Donna Smith
Donna Smith, American SiCKO, is executive director of the Health Care for All Colorado Foundation
It’s International Women’s Day. While we might greet that with some passing commercial interest in the United States, in many other countries, it is a day to celebrate women – all women. Older, younger, richer, poorer, healthy, struggling with illness or caring for others with illness, mothers or daughters, married, single, heavy or thin, blonde, brunette, all ethnicities. It always gives me pause to think about what has changed for women and what has not during my adult life. And it leaves me with concerns about the work I have left to do.
Five years ago, I spent International Women’s Day in Havana, Cuba, where I was a patient in a large, urban, public hospital where some of the scenes from Michael Moore’s 2007 documentary, SiCKO, were filmed. I remember being surprised by the dozens of wishes every woman I saw received that day from both men and women around them. There were individual, tiny roses for each woman, and there were kisses and affectionate hugs. It was quite nice to experience the day as a celebration among and for all women. It felt a little like Mother’s Day for all women, and it felt genuine and very healing in terms of many of us being from different nations and still being “sisters” – only better, as I’ll explain later.
This year I am looking back on a broader section of time in my life during which it sometimes feels like the strides women have made in American society and economic life are a real mixed bag. We’re making more money overall than we did when I was a young woman, but the gap is still really large between what a man makes and what a woman makes for comparable work in most fields. And when I look at any elected government body, most government agencies, and many private companies, men still make up the vast majority of the leadership ranks even though their constituencies are obviously more balanced. I really thought that by now women in America would find themselves more equally positioned. I wasn’t naïve about it, but I thought my generation would keep pushing forward more forcefully.
But what was such a gift in Cuba five years ago was really being among women (and men) giving and receiving healthcare without corporate interference. It was and is still the only time in my life when my medical professionals were free to act in my best interests to help me be healthier. It felt so very different. And though the doctors and healthcare professionals in Cuba could have done whatever testing they wanted to, what they really did was work with me to find out which health issues were of concern and what would best address those concerns. They did not jump to costly testing or new medications that would enrich others and not necessarily help me. In fact, they gently but wisely encouraged me to step away from some medications in favor of more holistic approaches. One of the nurses there comforted me, as she gently stroked my forehead, “Tranquilidad. Tranquilidad. You Americans worry so much,” she said. She was so right.
It wasn’t only joy and relief I felt on that International Women’s Day in 2007 in Cuba. I felt intense rage about the struggle so many of us face in America trying to access appropriate healthcare even with private health insurance and never really knowing for sure if the care we are getting is what is best for us or simply what the insurance company will allow and pay for. Lives are ruined and lost in America fighting for and about what others in the world give one another as a matter of right. It wasn’t that the Cuban healthcare system was perfect, and I have never said that. The country has its own challenges, and years of economic embargoes and political struggles have taken a toll on many things. But the care I got there remains among the great gifts of my life, and I have a really hard time understanding why that same sort of gift of health and dignity is denied us in America. (I’ll share more about my experience in Cuba in my book, but for now that’s enough.)

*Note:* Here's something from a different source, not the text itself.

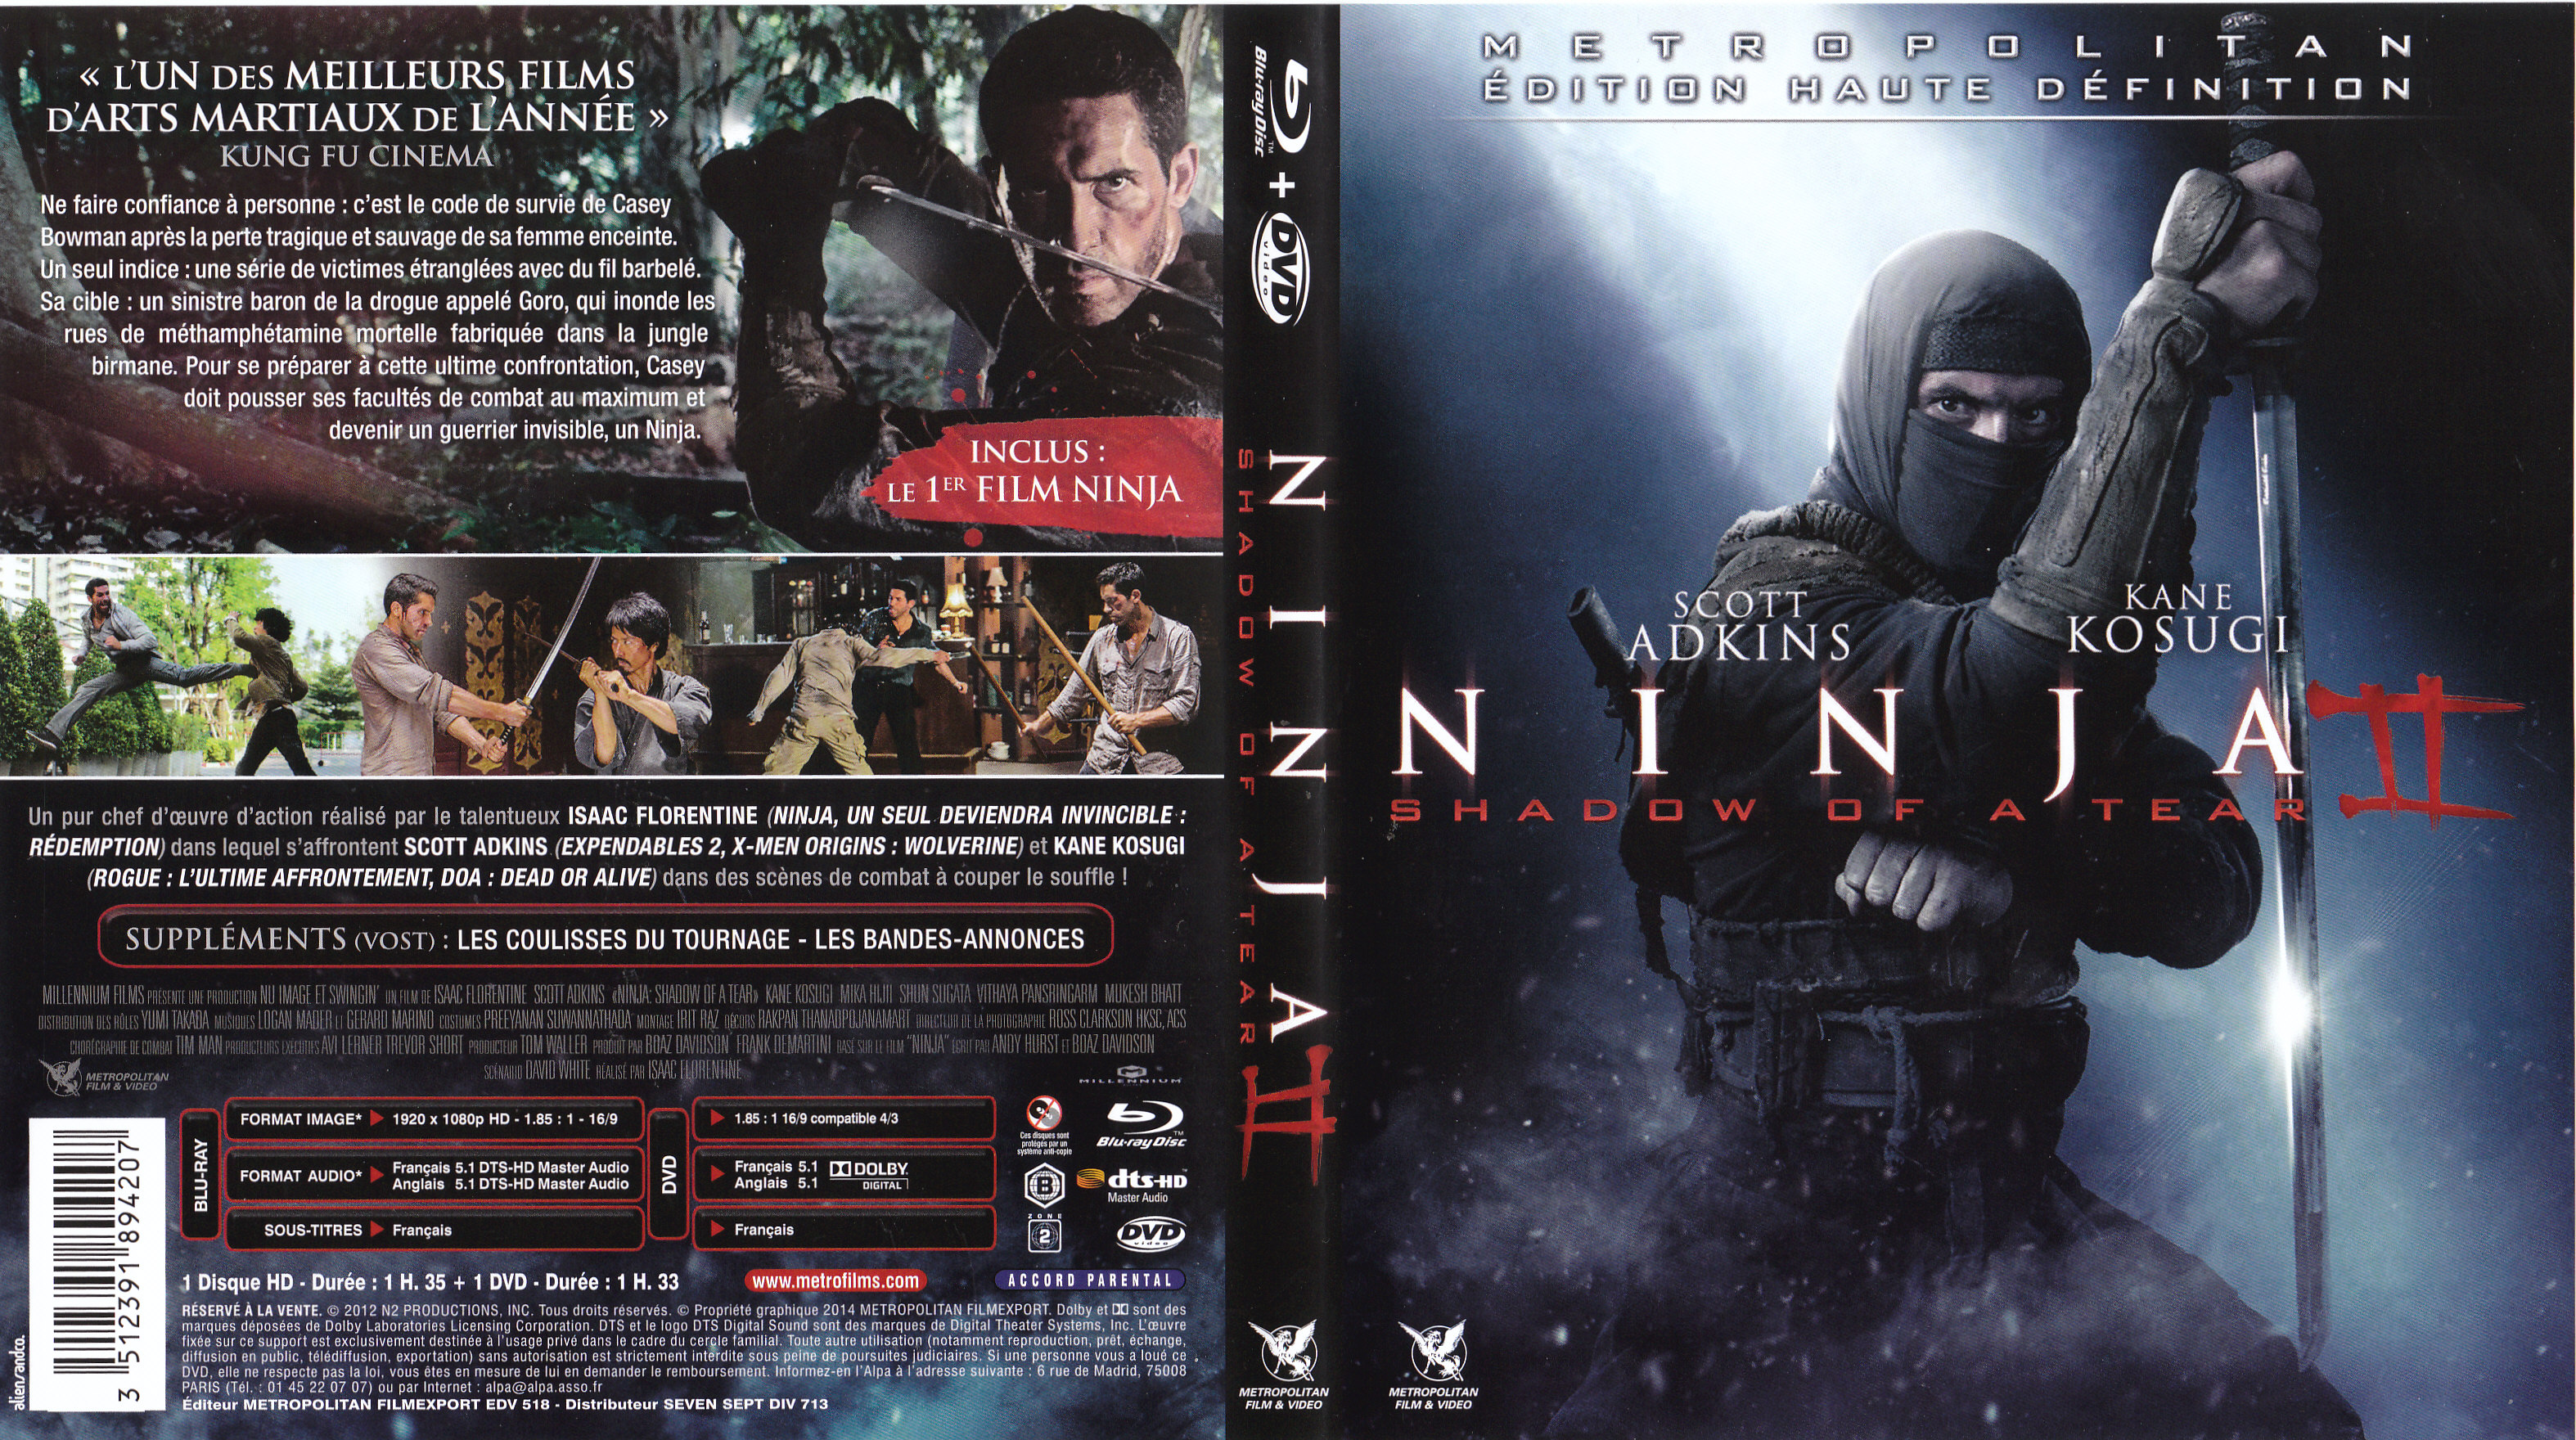 Jaquette DVD Ninja 2 : Shadow of a Tear (BLU-RAY)

Providing healthcare for all as a matter of human right – under a Medicare for all model -- would be an astonishing advancement for the women in this nation. All women. All men. Imagine the freedom that could come from knowing should you become sick or be injured you would not search or fight for care or be given care you might not need or be denied care that could be life-saving. This does not have to forever stay in our imaginations. It is not imaginary in much of the rest of the world. The impact on gender inequality in America would be so enormous.
There is such a tenderness and strength in helping each other be healthy enough to reach our individual potentials, whatever they may be. If I thought we could achieve that by making sure everyone had private health insurance, I’d say so. But the motivation isn’t the right one. Health and equality has to be the first goal of our healthcare system not wealth and corporate profits.
On this International Women’s Day 2012, I wish all my sisters a day of peace, reflection, and plans for action that will advance our common issues and help leave better conditions for our daughters and granddaughters – and top on my list is a healthcare system that heals first and does not brutalize them by putting profits before all else.